Proprio sotto la finestra qualcuno stava cantando. Tenendosi dietro la tendina di mussola, Winston guardò giù in strada. Il sole di giugno era ancora alto nel cielo e nel cortile pieno di luce un donnone mostruoso, solido come una colonna normanna, i poderosi avambracci arrossati e un grembiule di tela di sacco gettato alla meglio attorno ai fianchi, faceva la spola fra una tinozza per il bucato e una fune tesa, mettendo ad asciugare una quantità di straccetti bianchi e quadrati nei quali Winston riconobbe dei pannolini. Tutte le volte in cui non aveva la bocca piena di mollette, la donna cantava con possente voce da contralto:

Era soltanto una speranza vana 

e se ne andò come un giorno d'aprile, 

ma uno sguardo e una parola 

e i sogni che mi fanno sognare 

mi hanno rubato il cuor!

Da diverse settimane questo motivo era diventato, a Londra, un'autentica persecuzione. Si trattava di una delle innumerevoli canzoni, tutte dello stesso genere, messe in circolazione a beneficio dei prolet da una sottosezione del Reparto Musica. Le parole non erano opera di esseri umani, ma di un macchinario detto versificatore, però la donna le cantava in maniera così intonata da rendere quella porcheria quasi piacevole. Winston sentiva il canto della donna, lo strascichio delle sue scarpe sul selciato, le grida dei bambini giù in strada e, in lontananza, un debole rumore prodotto dal traffico, eppure l'assenza del teleschermo rendeva la stanza stranamente silenziosa.
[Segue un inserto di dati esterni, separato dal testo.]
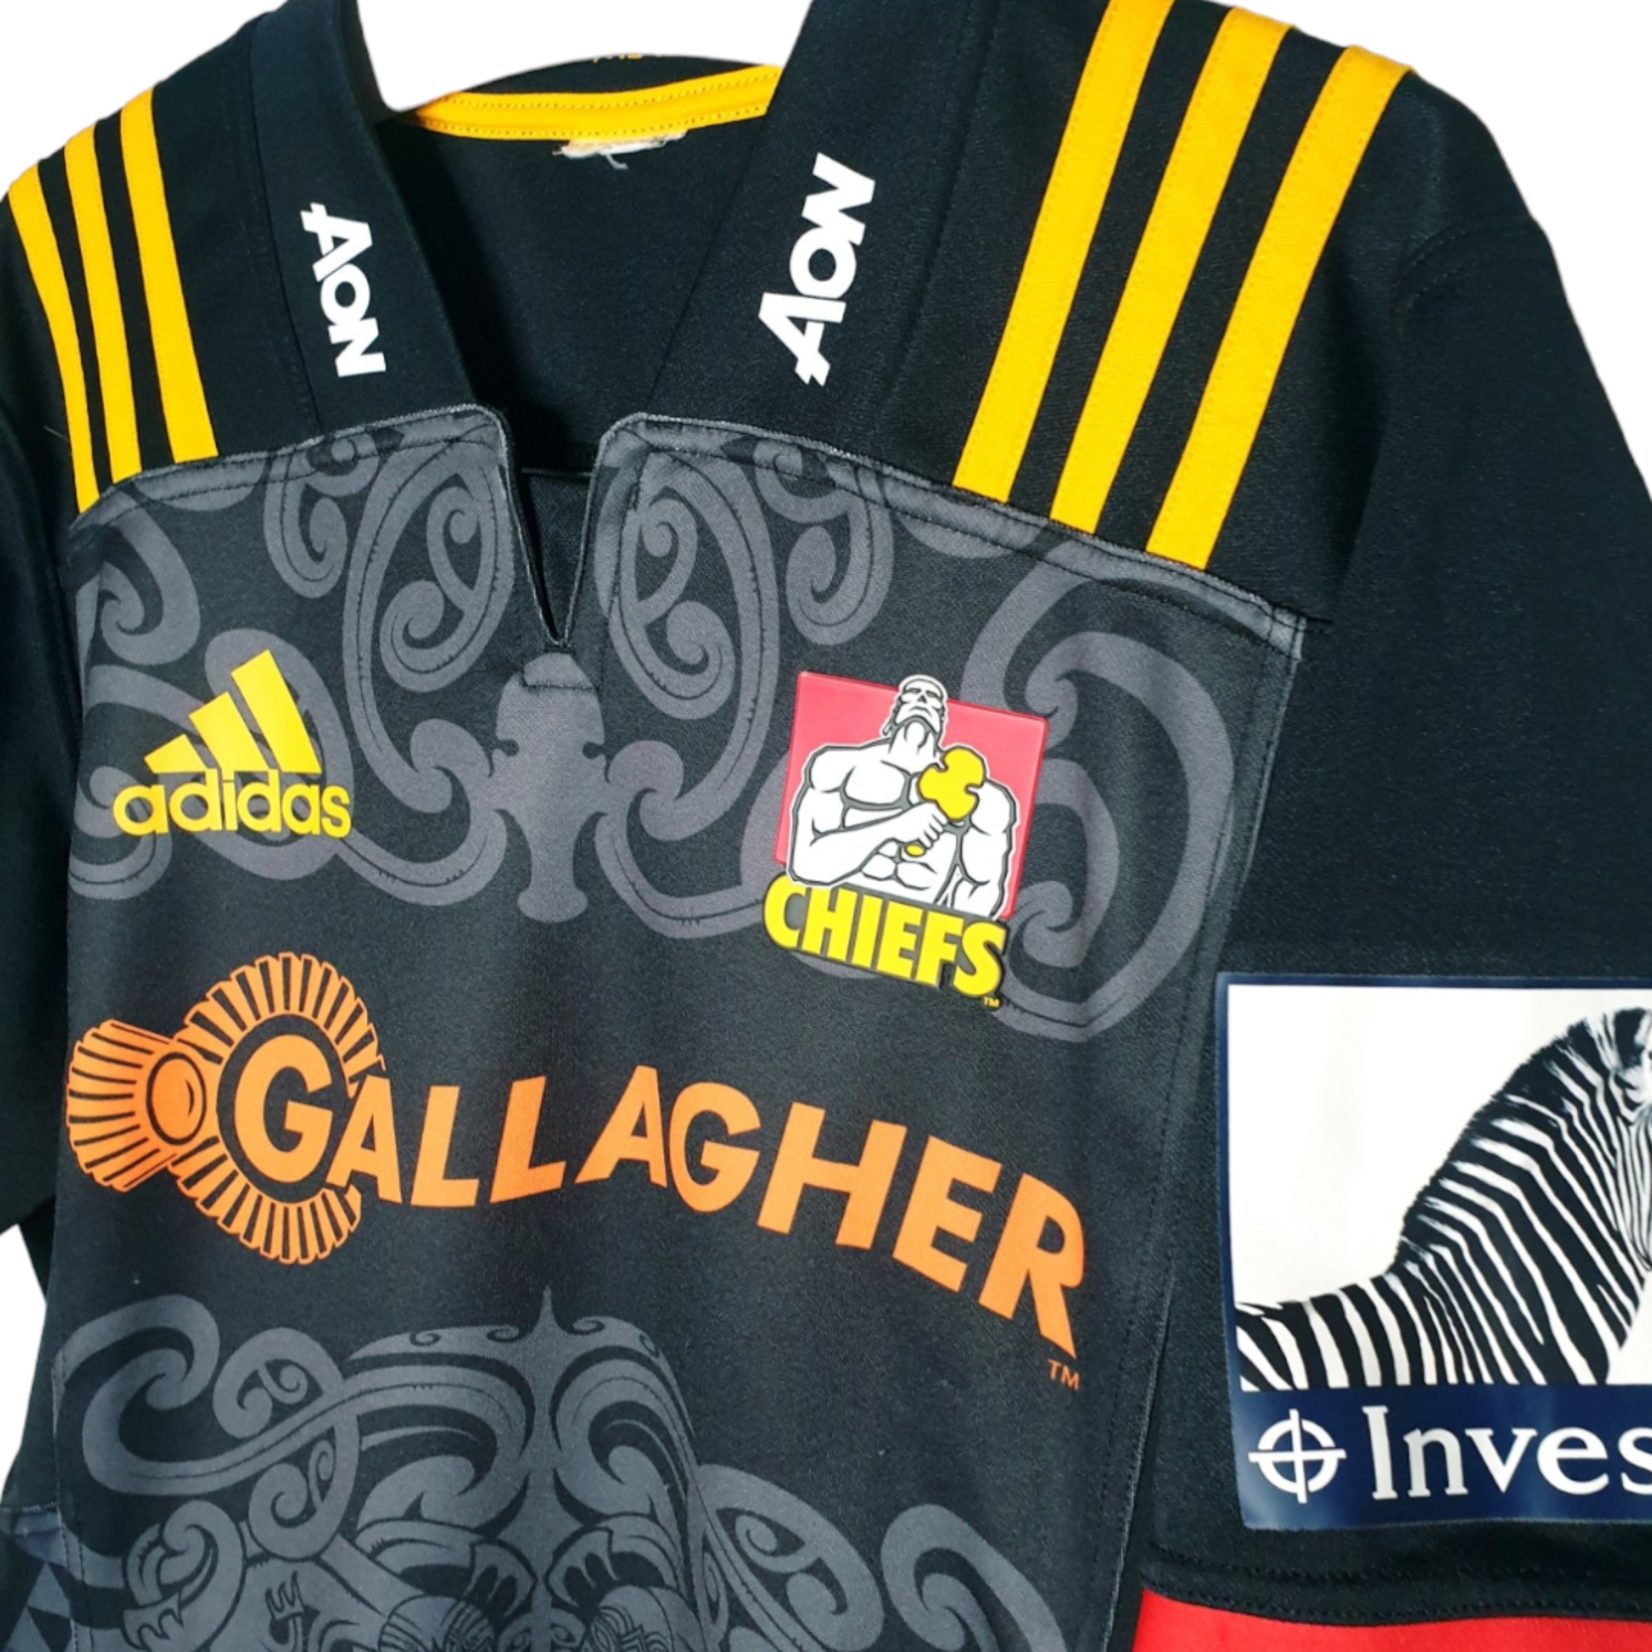 Adidas Origineel Adidas vintage rugby shirt Gallagher Chiefs 2018/19

Una pazzia, una pazzia, una vera pazzia, si ripeté nuovamente. Avrebbero potuto incontrarsi in quella stanza per qualche settimana ancora, ma poi sarebbero stati scoperti certamente. Eppure la tentazione di avere un rifugio tutto loro, al coperto e non troppo lontano, era stata per entrambi troppo forte. Dopo l'incontro nel campanile, per parecchio tempo era stato impossibile rivedersi. L'organizzazione della Settimana dell'Odio aveva com- portato un aumento massiccio delle ore lavorative. Mancava ancora un mese, ma i preparativi mastodontici e complessi avevano imposto a tutti prestazioni d'opera extra. Finalmente erano riusciti ad avere un pomeriggio libero nello stesso giorno e avevano convenuto di ritornare alla radura nel bosco. La sera prima s'incontrarono brevemente per strada. Come d'abitudine, Winston guardò appena Julia mentre si avvicinavano l'uno all'altra facendosi trasportare dalla folla, ma gli bastò quella rapida occhiata per avere l'impressione che la ragazza fosse più pallida del solito.